Thank you, I checked my codebase and there’s no place where the outgoing message queue is higher than the buffer. The only I can think of is the global stream I use to display the people who join the global chat. Could that be it?

They should be unrelated. If you’ve reduced the buffer size I recommend you keep the default. Otherwise, you may have an issue with how the client is handling the messages or how fast it’s going through them.

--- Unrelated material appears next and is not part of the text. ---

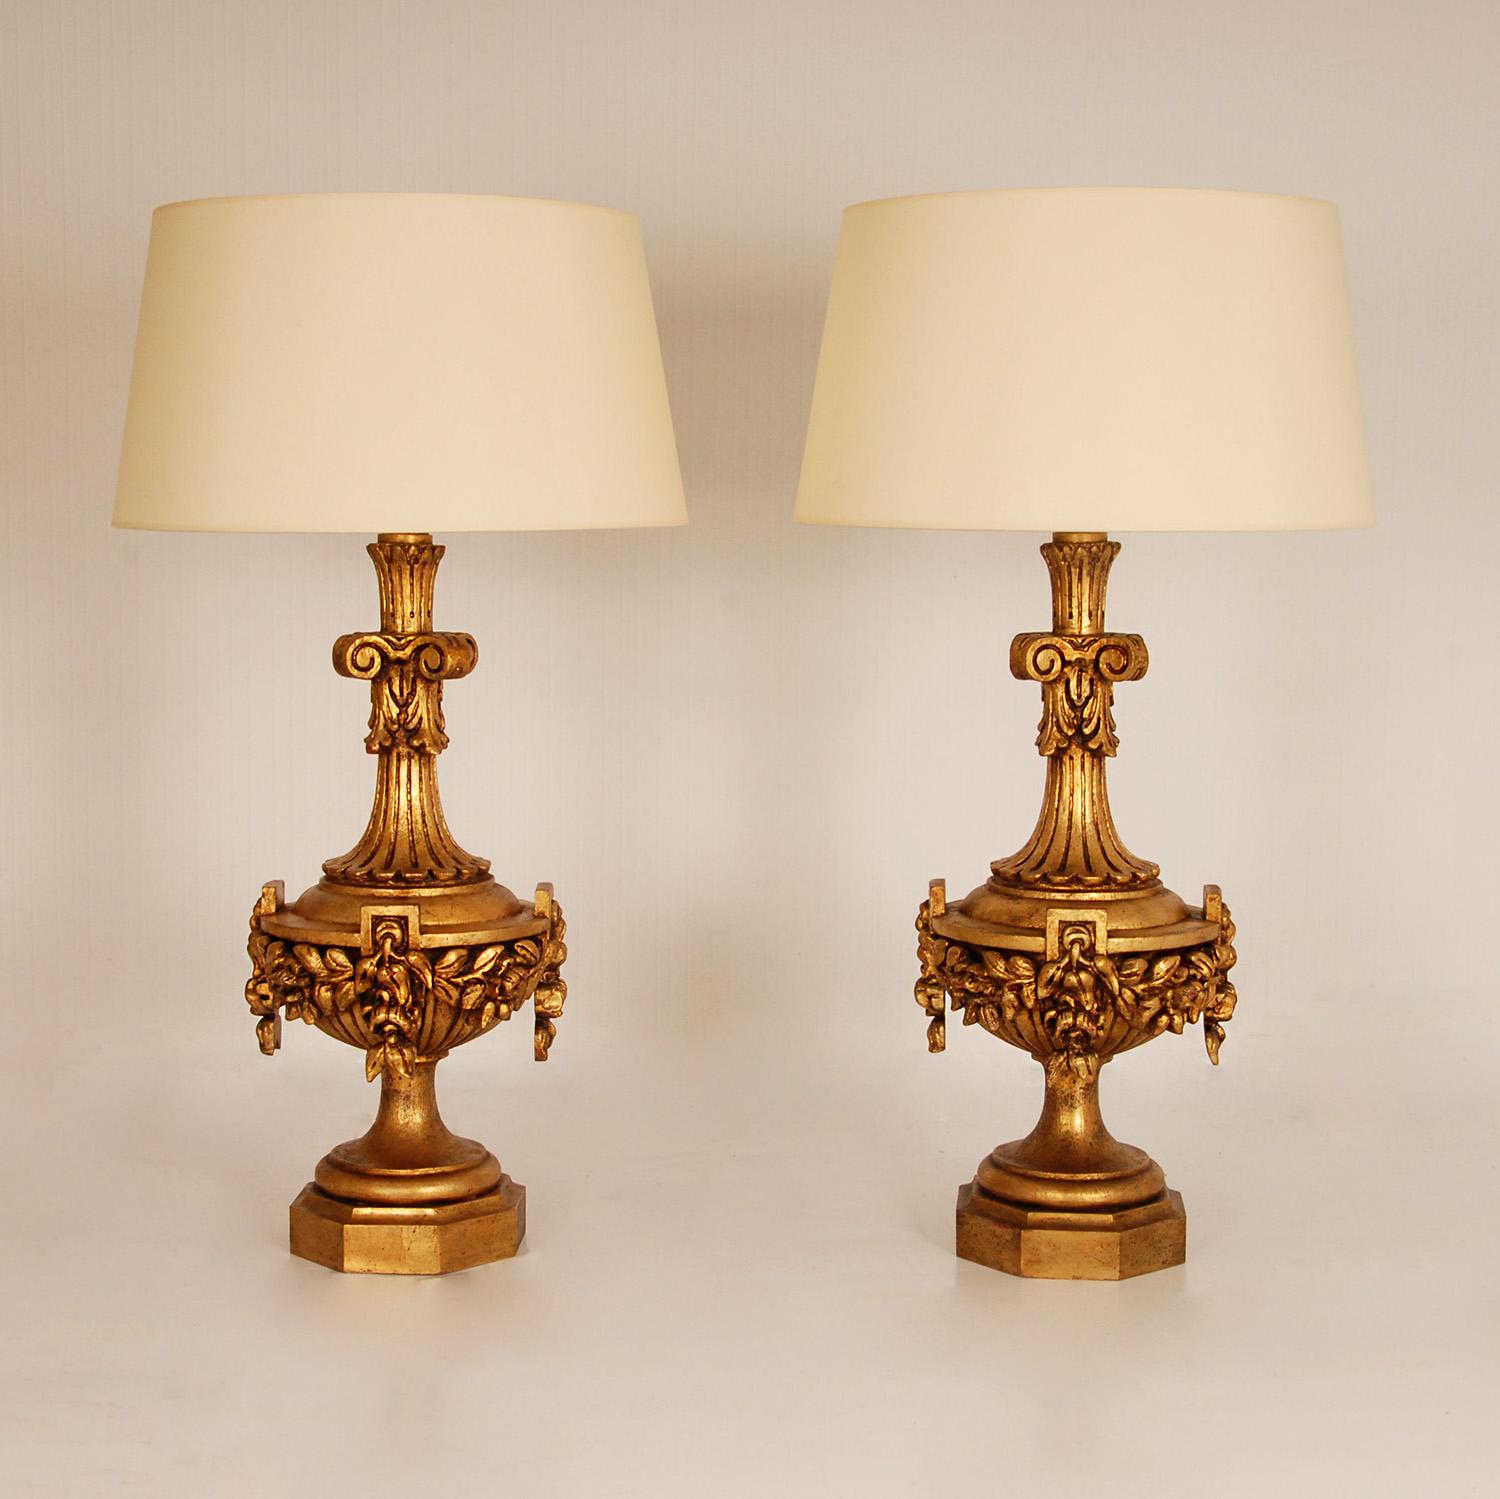 Vintage Italian Gold Giltwood Lamps Carved Neoclassal Vases  Table Lamps a Pair For Sale 7

Hello, I’ve increased the outgoing queue size to 32. I still see errors like these:

{"level":"error","ts":"2025-03-25T01:38:39.241Z","caller":"server/tracker.go:1298","msg":"Failed to deliver presence event","sid":"3bf39f46-0919-11f0-b12c-7d6d9d4af57d","error":"session outgoing queue full"}
{"level":"error","ts":"2025-03-25T01:38:39.262Z","caller":"server/tracker.go:1298","msg":"Failed to deliver presence event","sid":"3bf39f46-0919-11f0-b12c-7d6d9d4af57d","error":"session outgoing queue full"}
{"level":"error","ts":"2025-03-25T01:38:39.278Z","caller":"server/tracker.go:1298","msg":"Failed to deliver presence event","sid":"3bf39f46-0919-11f0-b12c-7d6d9d4af57d","error":"session outgoing queue full"}
{"level":"error","ts":"2025-03-25T01:38:39.281Z","caller":"server/tracker.go:1298","msg":"Failed to deliver presence event","sid":"3bf39f46-0919-11f0-b12c-7d6d9d4af57d","error":"session outgoing queue full"}
{"level":"error","ts":"2025-03-25T01:38:39.299Z","caller":"server/tracker.go:1298","msg":"Failed to deliver presence event","sid":"3bf39f46-0919-11f0-b12c-7d6d9d4af57d","error":"session outgoing queue full"}
{"level":"error","ts":"2025-03-25T01:38:39.342Z","caller":"server/tracker.go:1298","msg":"Failed to deliver presence event","sid":"6d9d7198-090f-11f0-b12c-7d6d9d4af57d","error":"session outgoing queue full"}
{"level":"error","ts":"2025-03-25T01:38:39.342Z","caller":"server/tracker.go:1298","msg":"Failed to deliver presence event","sid":"3bf39f46-0919-11f0-b12c-7d6d9d4af57d","error":"session outgoing queue full"}
{"level":"error","ts":"2025-03-25T01:38:39.497Z","caller":"server/tracker.go:1164","msg":"Failed to deliver presence event","sid":"6d9d7198-090f-11f0-b12c-7d6d9d4af57d","error":"session outgoing queue full"}
{"level":"error","ts":"2025-03-25T01:38:39.497Z","caller":"server/tracker.go:1164","msg":"Failed to deliver presence event","sid":"3bf39f46-0919-11f0-b12c-7d6d9d4af57d","error":"session outgoing queue full"}
{"level":"error","ts":"2025-03-25T01:38:39.673Z","caller":"server/tracker.go:1164","msg":"Failed to deliver presence event","sid":"4b0042c3-0908-11f0-b12c-7d6d9d4af57d","error":"session outgoing queue full"}

The weird this is they appear in a burst for a couple seconds for a handful of clients and then stop. Is this device related?

Previous response still applies:

This can be because too many messages are being sent and/or the receiver doesn’t have enough bandwidth or stable connection to keep up or it isn’t processing the messages fast enough.